(DATA FOR ANALYSIS begins)

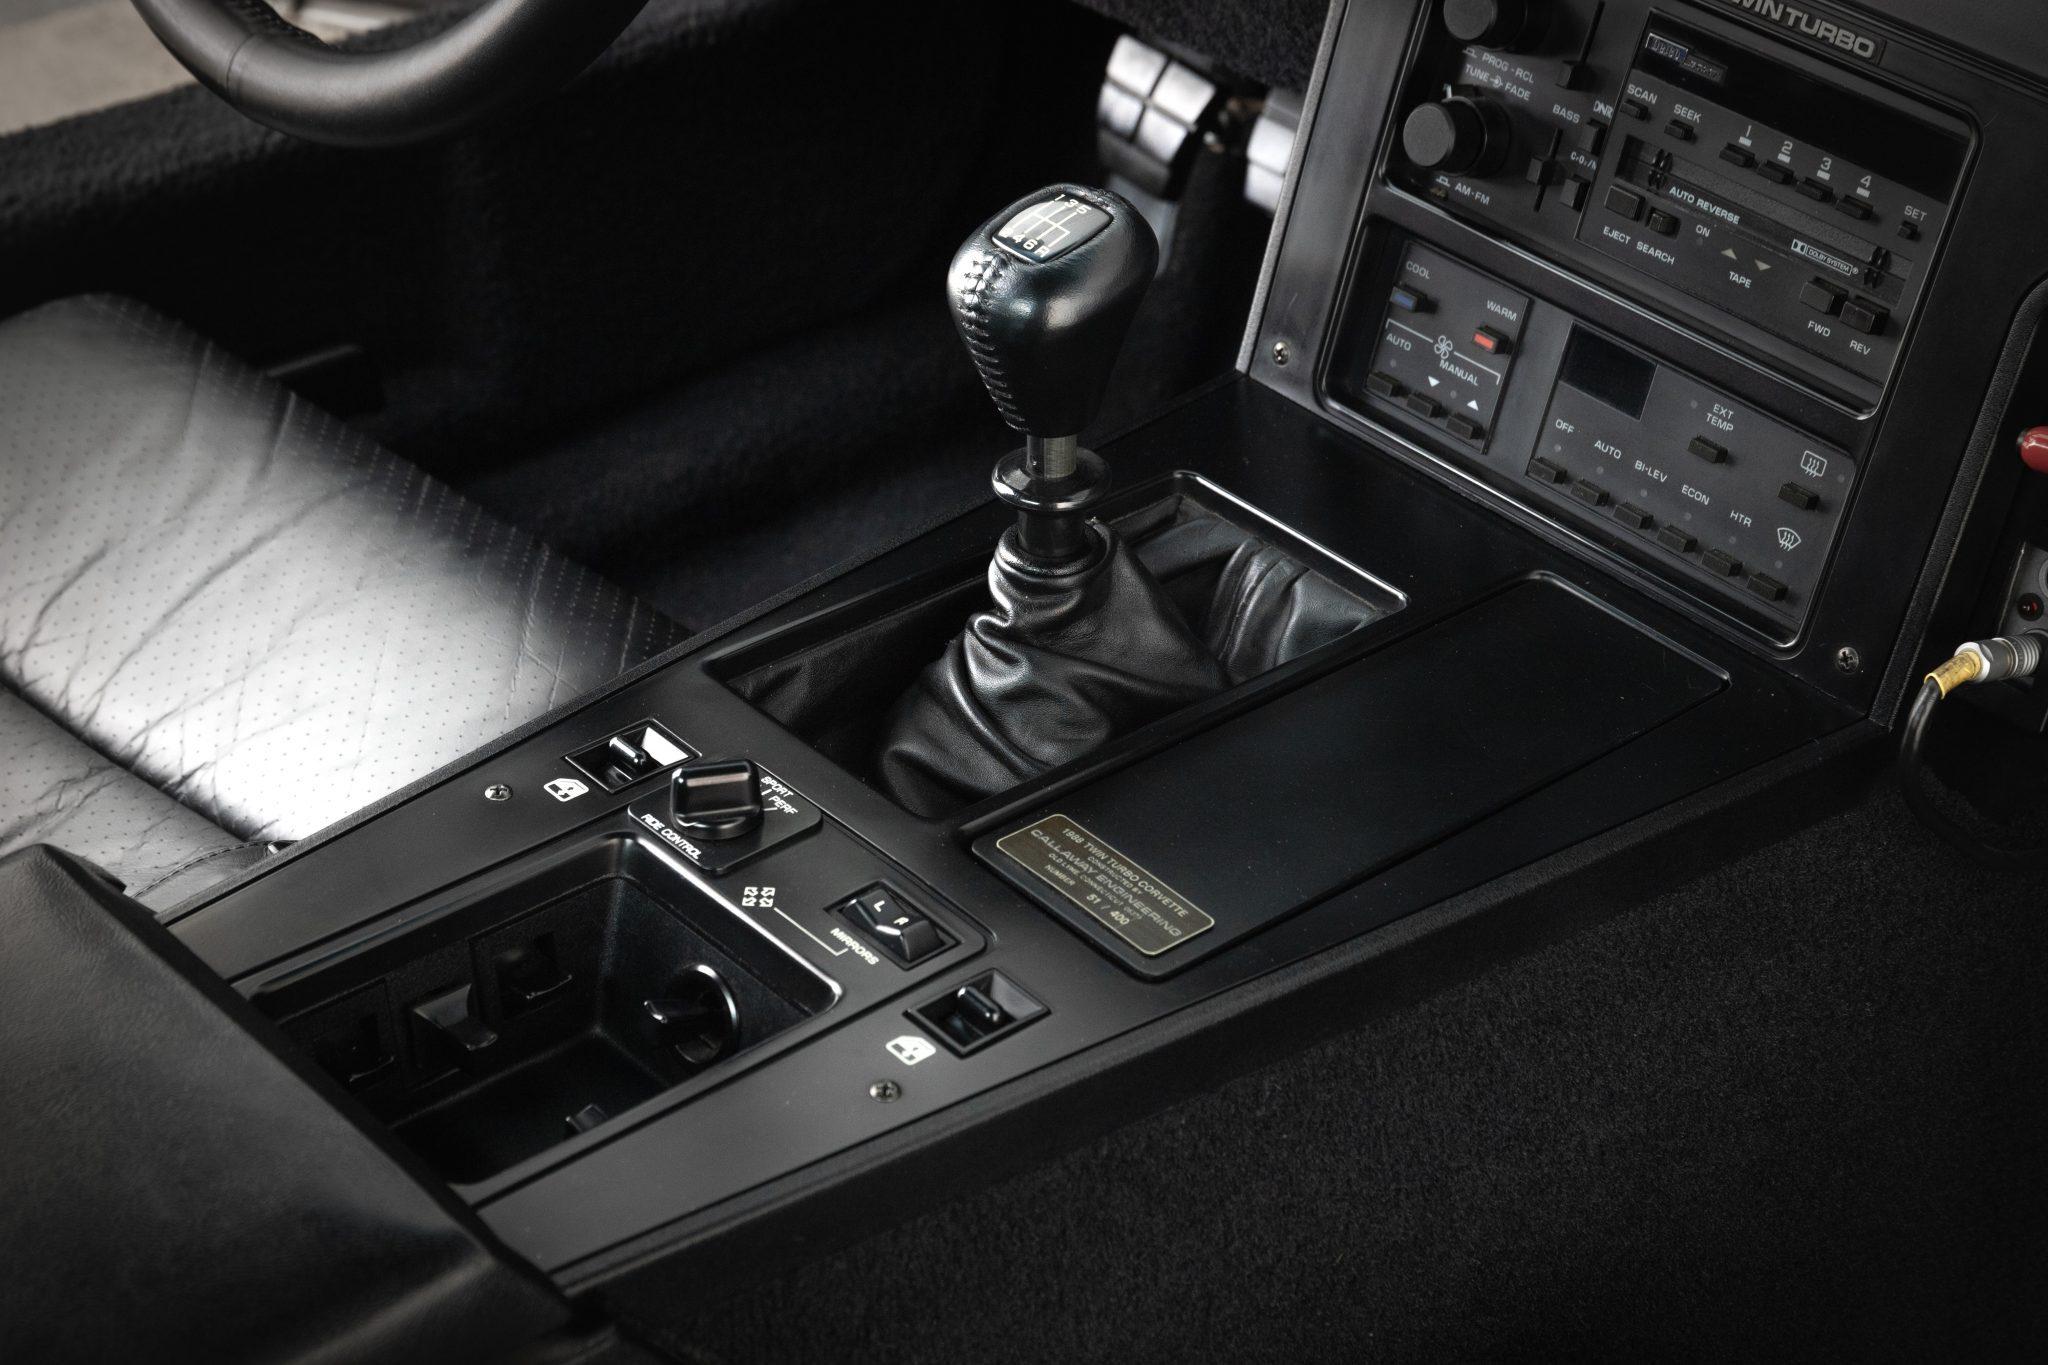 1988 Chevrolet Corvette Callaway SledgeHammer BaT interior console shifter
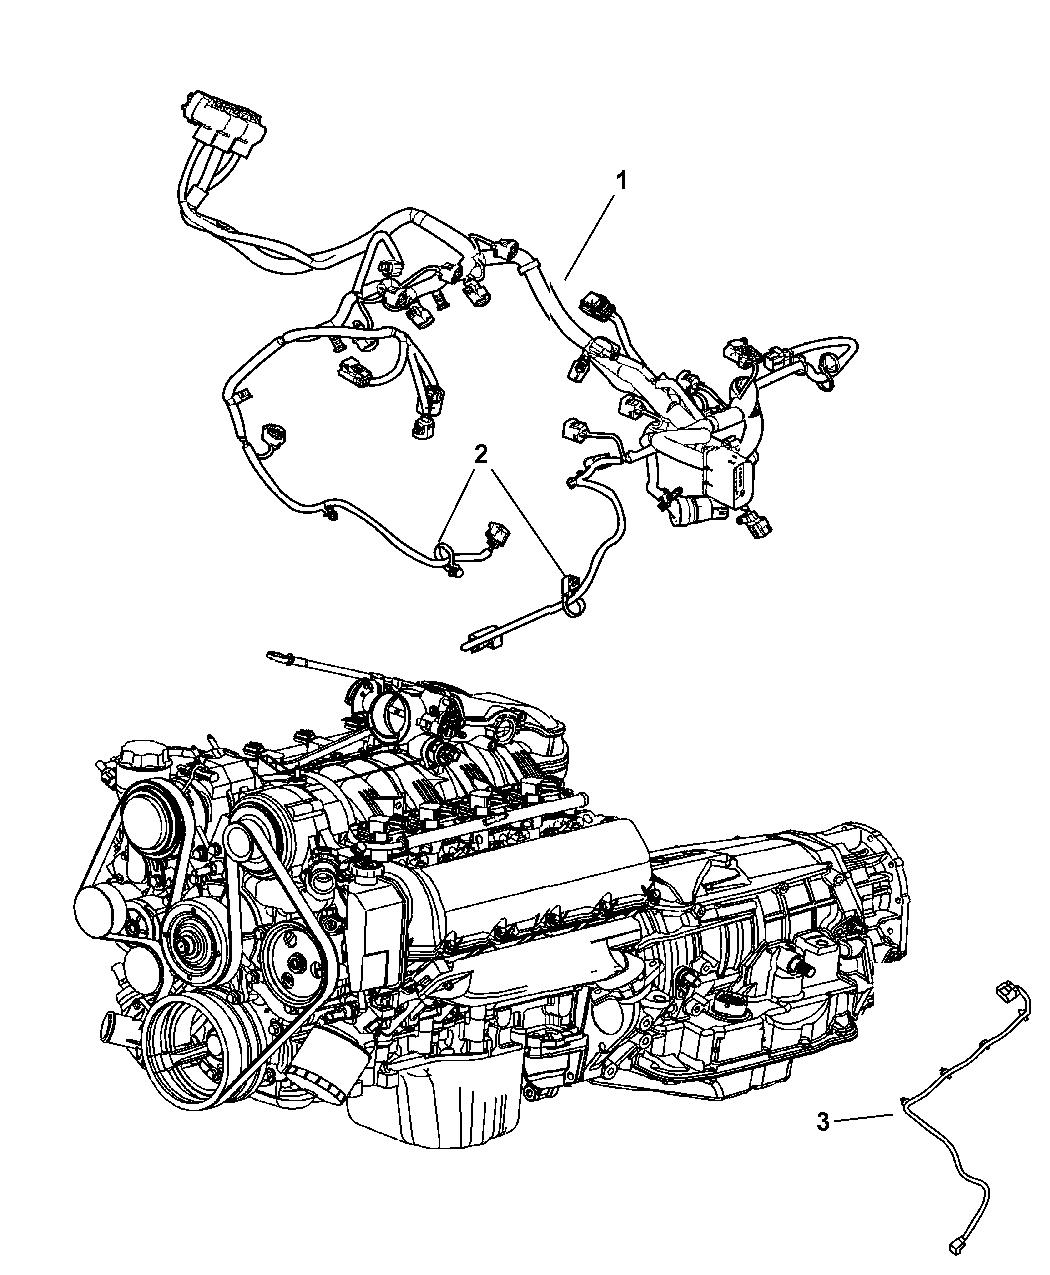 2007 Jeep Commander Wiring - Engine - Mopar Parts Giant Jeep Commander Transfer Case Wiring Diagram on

(DATA FOR ANALYSIS ends)
(DATA FOR ANALYSIS begins)

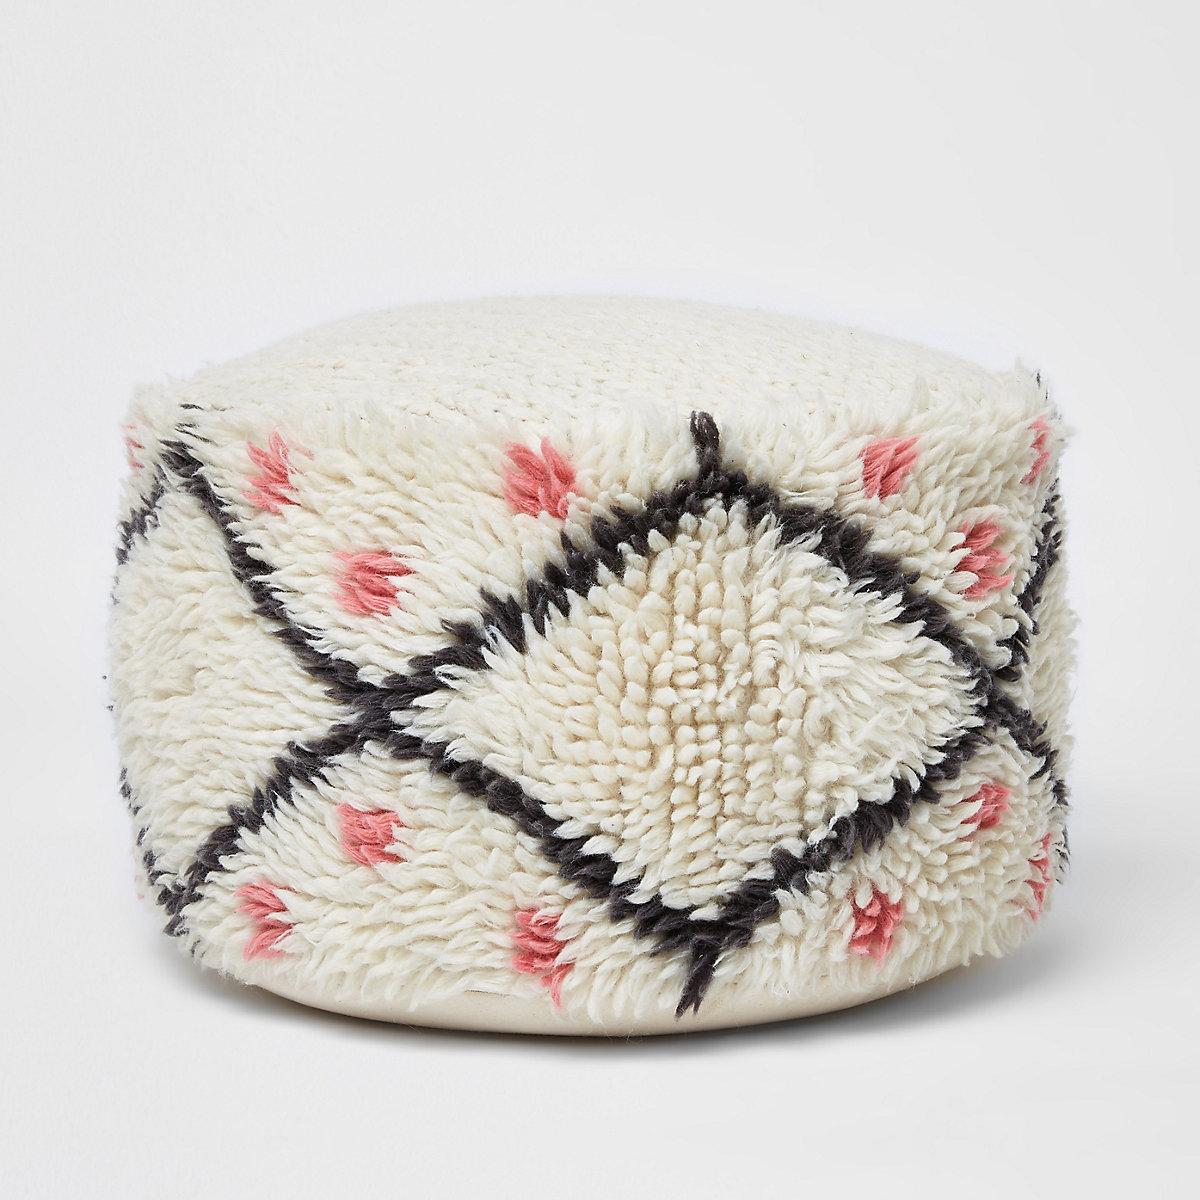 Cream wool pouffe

(DATA FOR ANALYSIS ends)

When you reach the line that has "1988 Chevrolet Corvette" in the data above, start repeating lines exactly, and stop after the line that has "2007 Jeep Commander"; pictures stay out.

 1988 Chevrolet Corvette Callaway SledgeHammer BaT interior console shifter
 2007 Jeep Commander Wiring - Engine - Mopar Parts Giant Jeep Commander Transfer Case Wiring Diagram on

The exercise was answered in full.